My thoughts turned to Cedar and her untouched innocence that for a guy like me was a drug. I could feast on that, on her, drain her dry, and in the process, I’d destroy her. I’d take all she had to give and give her nothing in return. It was why I’d pulled back, to shield her beauty from my ugly. It was why I was going to pull back again. I climbed into bed, careful to avoid putting pressure on my back. I hadn’t cried when he beat me, but thinking about Cedar, the look on her face when I went back to ignoring her, while her painful words from earlier still rang in my head had the tears falling.

I sat inthe back of the class during independent study. Cedar was up front. She wasn’t sketching; she just sat there, looking down at her desk. She didn’t get in my face, didn’t call me a dick. She just accepted me stepping back again, and I knew she did because she had tried when we were fifteen. She had done everything to get through to me. Camped out in my backyard, called me every ten minutes. She’d even snuck into my room one night, her plan to force me to talk. We didn’t talk. I held her, like you would a lifeline, because that was what she was to me. I watched slowly as my best friend’s heart broke, watched as her big green eyes filled with confusion, anger and then pain. She fought daily for a solid six months, tried for a year to reach me and then she gave up.
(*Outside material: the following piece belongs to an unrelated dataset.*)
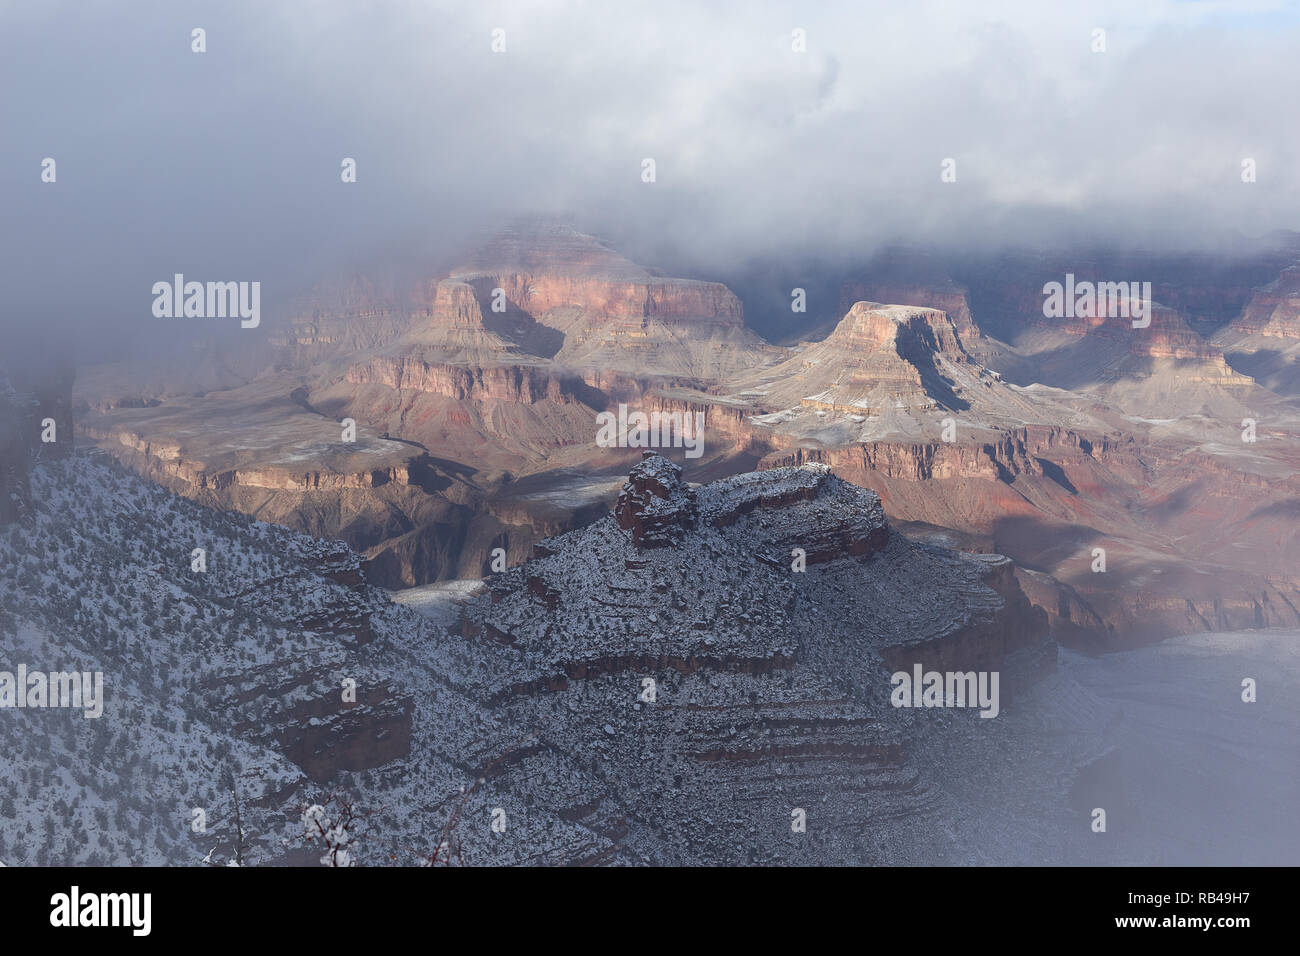 La luce del sole si apre attraverso le nuvole mentre una tempesta invernale della neve inizia a sgombra sul versante sud del Grand Canyon nel Parco Nazionale del Grand Canyon, Arizona, Stati Uniti Foto Stock

It was hard having what you wanted most in reaching distance and knowing you couldn’t have it. There was no future for us. I knew that, deep down, I had always known it, but it didn’t stop me from wanting her. Even for just a little while.

After school, I pulled into my driveway to see my dad’s car. He was never home this early, hell, he was never home. Entering the house, I followed the sound of voices to the kitchen. When I entered, he turned to me and smiled. I hadn’t seen my dad smile; shit, I didn’t know when the last time was he smiled. And this coming on the back of last night, it was fair to say I was having a what the fuck moment. Mom was there, starting early on her bottle of wine. I couldn’t say I blamed her.

He walked over, lifted his hand, and I flinched. He grabbed my shoulder and squeezed it. “Why didn’t you tell me?”

Tell him what? What the fuck was going on?

He laughed, he fucking laughed. “Alright, I won’t push.” He squeezed my shoulder again before he dropped his hand. “Have you applied early for Yale? Unnecessary that you have to apply at all, being a legacy and us being who we are.” He walked to the fridge, pulled it open and grabbed a bottle of water.

“No.” The plan since I was born was I’d go to Yale, like him, and take over his firm. I wasn’t asked, it was assumed. That didn’t work for me.